_Your objective_: Reproduce word for word the lines between the one containing "Christmas Winter Holiday" and the end of the entries below, both inclusive; leave out pictures.

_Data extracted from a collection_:
--- START ---
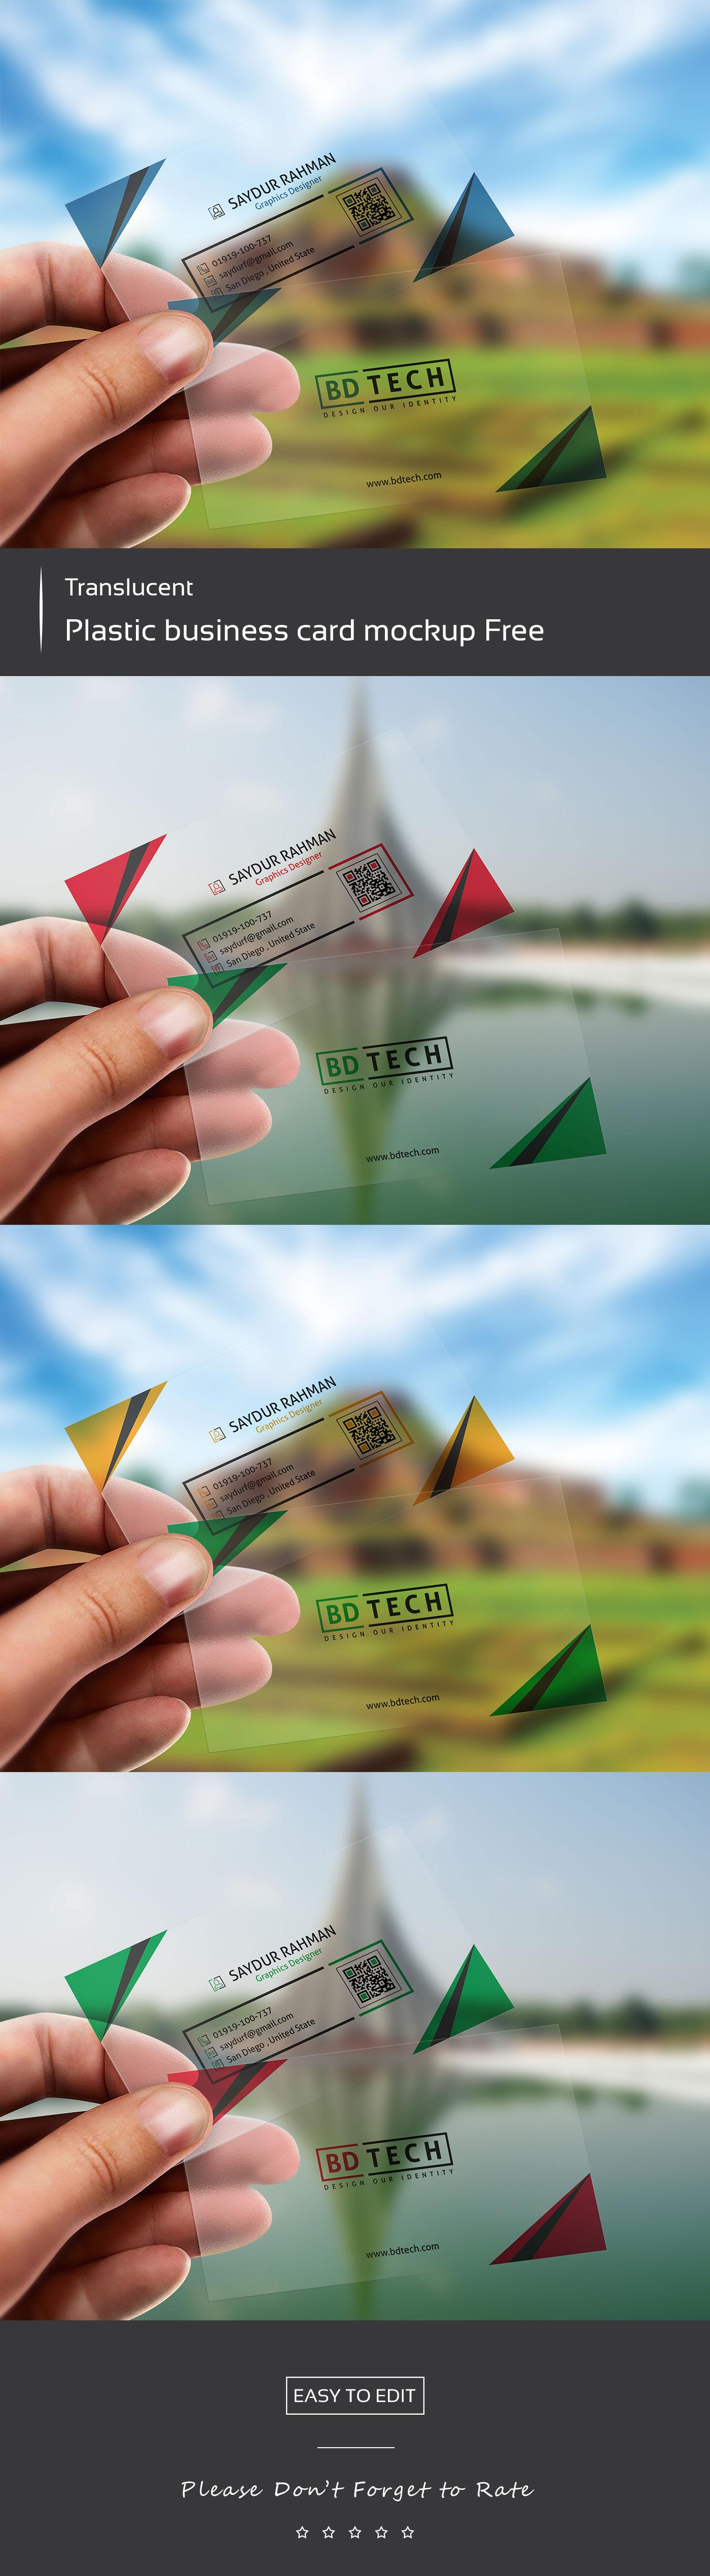 translucent plastic business card mockup free on behance
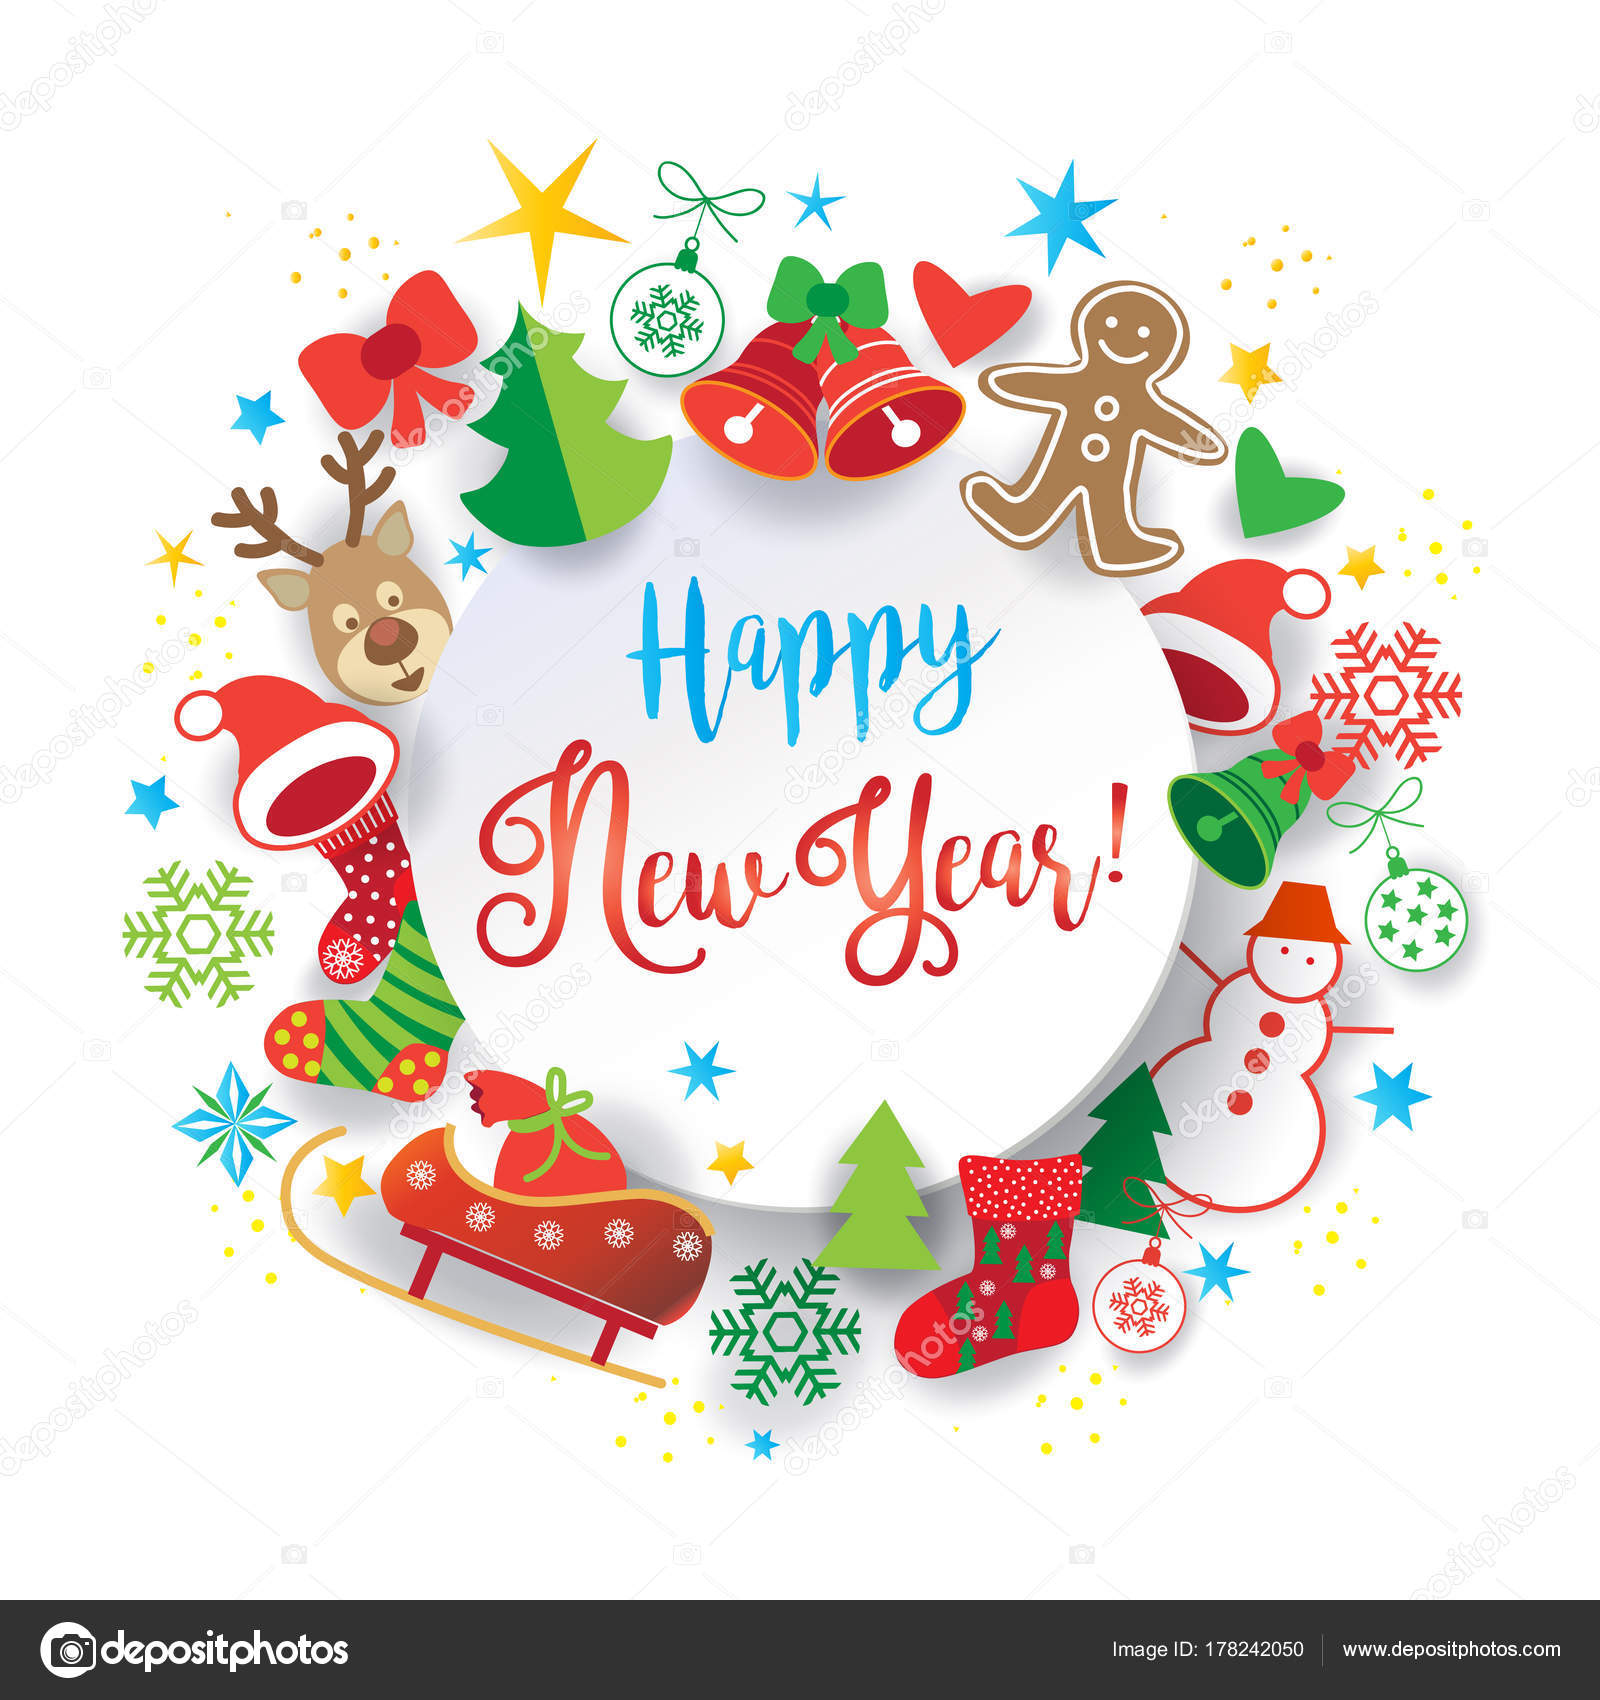 Christmas Winter Holiday Symbols Icons Greeting Card Happy New Year
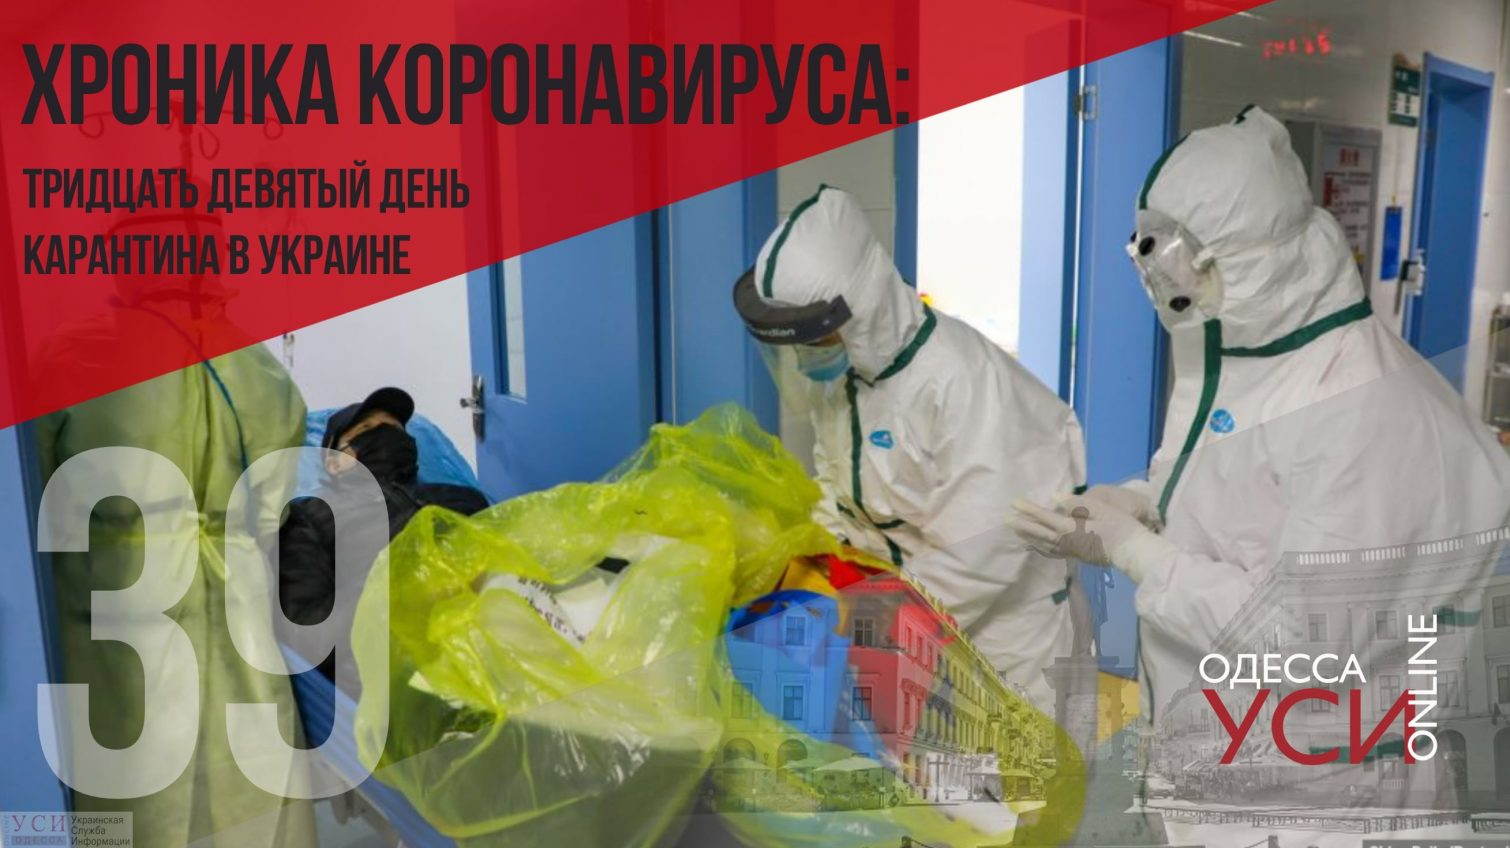 Хроника коронавируса: 39 дней с начала карантина в Украине (ОБНОВЛЯЕТСЯ) «фото»
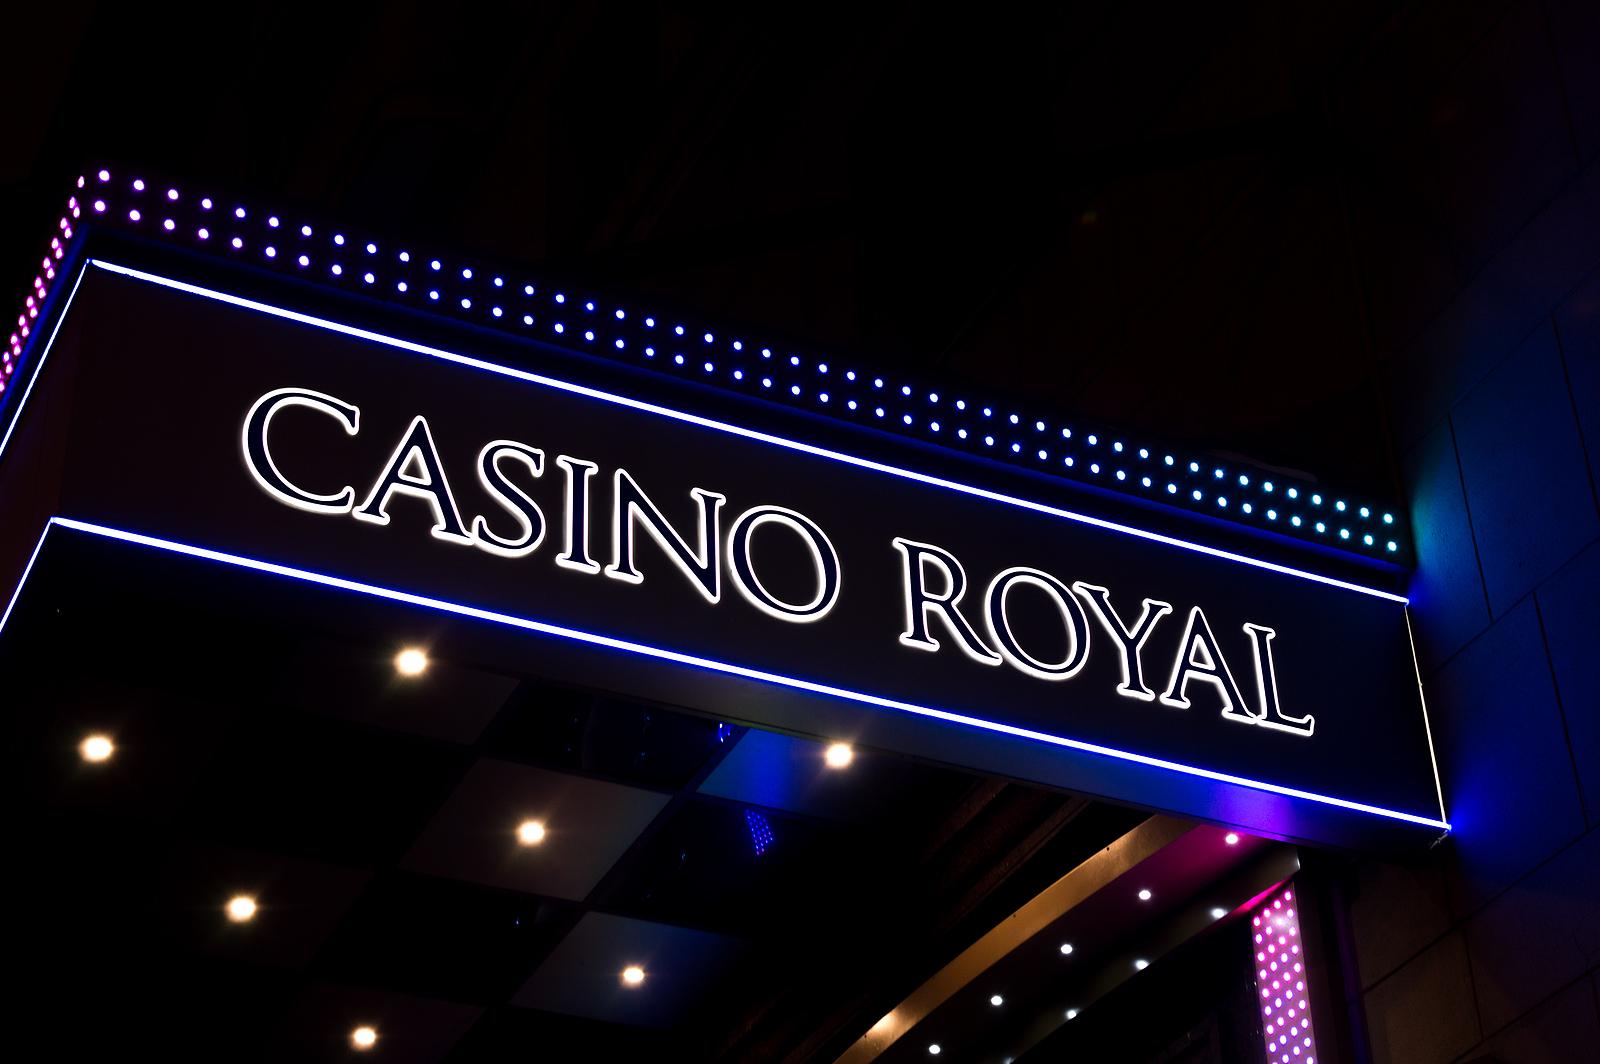 The Casino Royal, Minsk
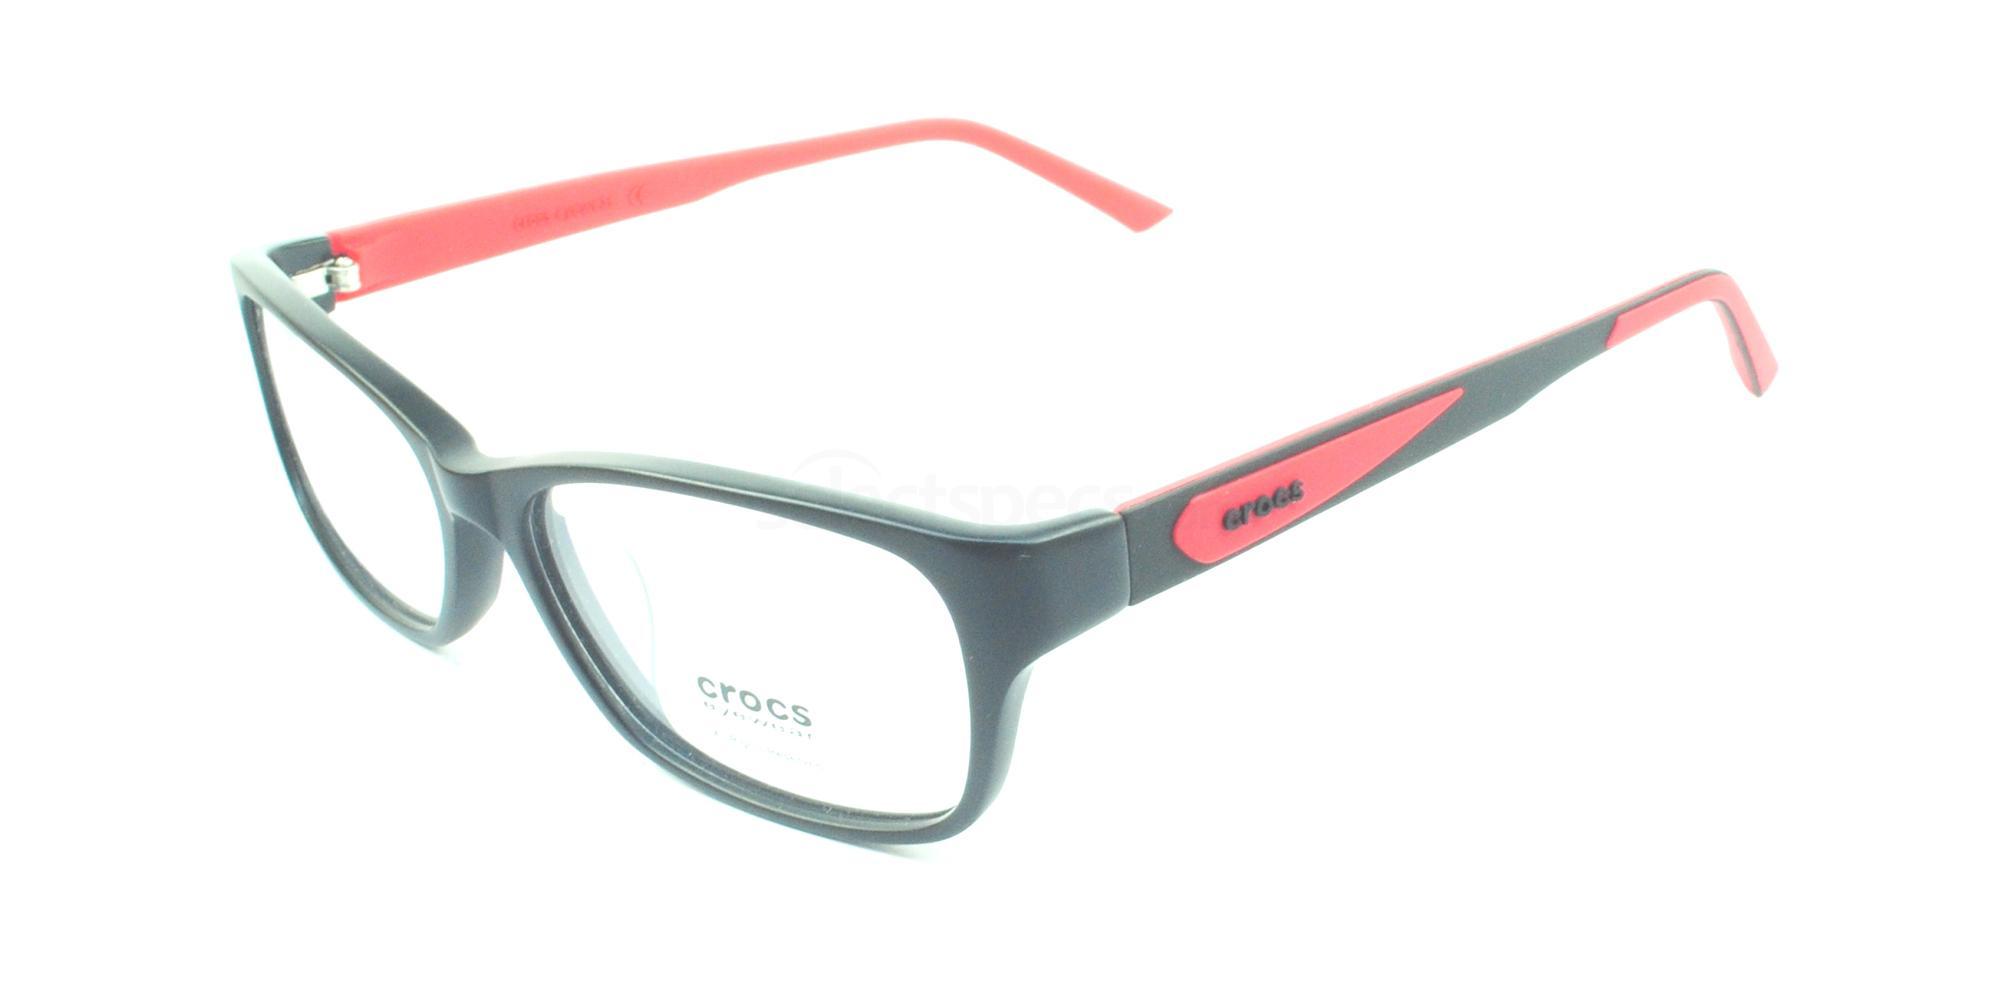 20RD CF 331 Glasses, Crocs Eyewear
--- END ---
_Exercise solution_:
 Christmas Winter Holiday Symbols Icons Greeting Card Happy New Year
 Хроника коронавируса: 39 дней с начала карантина в Украине (ОБНОВЛЯЕТСЯ) «фото»
 The Casino Royal, Minsk
 20RD CF 331 Glasses, Crocs Eyewear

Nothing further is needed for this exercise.